3.  SOURCES OF FUNDING

  Official support for cancer research comes at the interface between the Research Councils, mainly the Medical Research Council, and the Department of Health. The precise source of funds matters less than the overall level of support that is available. Some activities, notably clinical trials (above) are a legitimate call on the Department of Health's R&D budget.

  It is of crucial importance that, as a nation, we cease to rely as much as at present on charitable funds. The public is not aware of the low level of official funding available for cancer research, a position that can only be sustained by virtue of the generosity of the public in their support of cancer research charities. Such charitable funding is of a precarious nature, and should not be relied on to be the spearhead of our national effort.

  It is also important that additional funding be available for routine clinical practice. This should be directed to cancer centres because they are able to provide continuing data on the use of new treatments. Currently, as there is not sufficient funding for new therapies it is likely that the UK will increasingly be seen as a backwater for pharmaceutical companies—in the future they may not even bother to do clinical research here. There is some evidence that this is beginning to happen already and it is a trend that needs to be reversed urgently.

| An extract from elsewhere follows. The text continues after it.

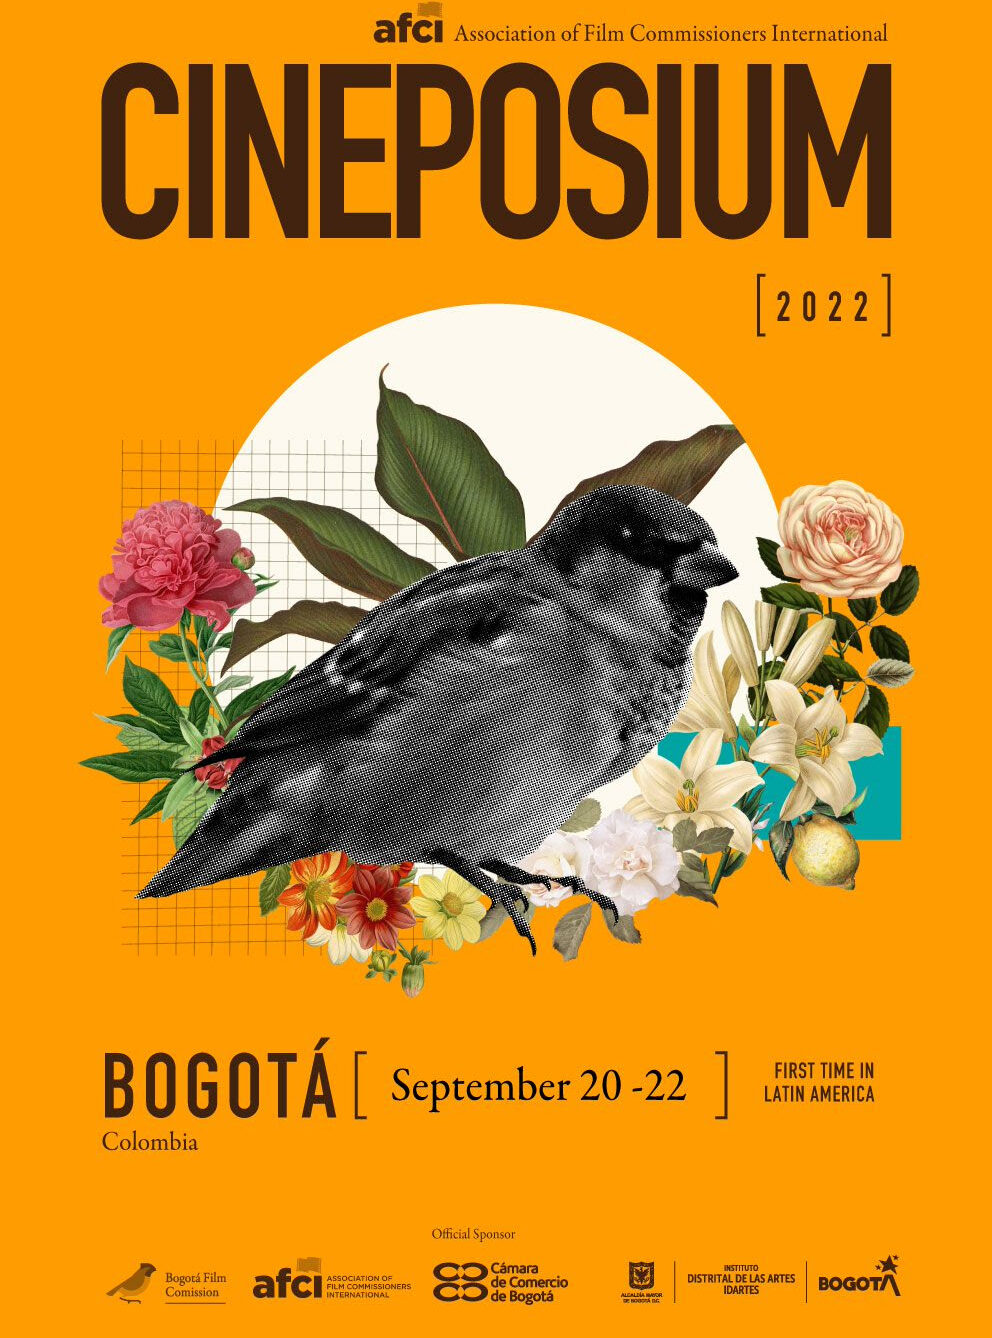 Ana Piñeres is one of the guests of the Cineposium event that is taking place for the first time in Bogotá.

  4.  We commend to the Select Committee the United States National Cancer Institute (http://www.nci.nih.gov/). The Committee should note, in particular, the scale of the National Cancer Institute's budget in relation to total government expenditure in the United States. The comparison with the United Kingdom is highly unfavourable. We also particularly recommend the way in which the NCI has provided a strategic overview of cancer research for the United States of America, and the vision set out in this overview deserves the Committee's attention.

5.  CONCLUSION

  As a nation, we have great strengths in cancer research, and many notable advances have been made in British laboratories, research institutes and hospitals. However, much more could have been done, and will be done, with a better-coordinated and better-funded national strategy.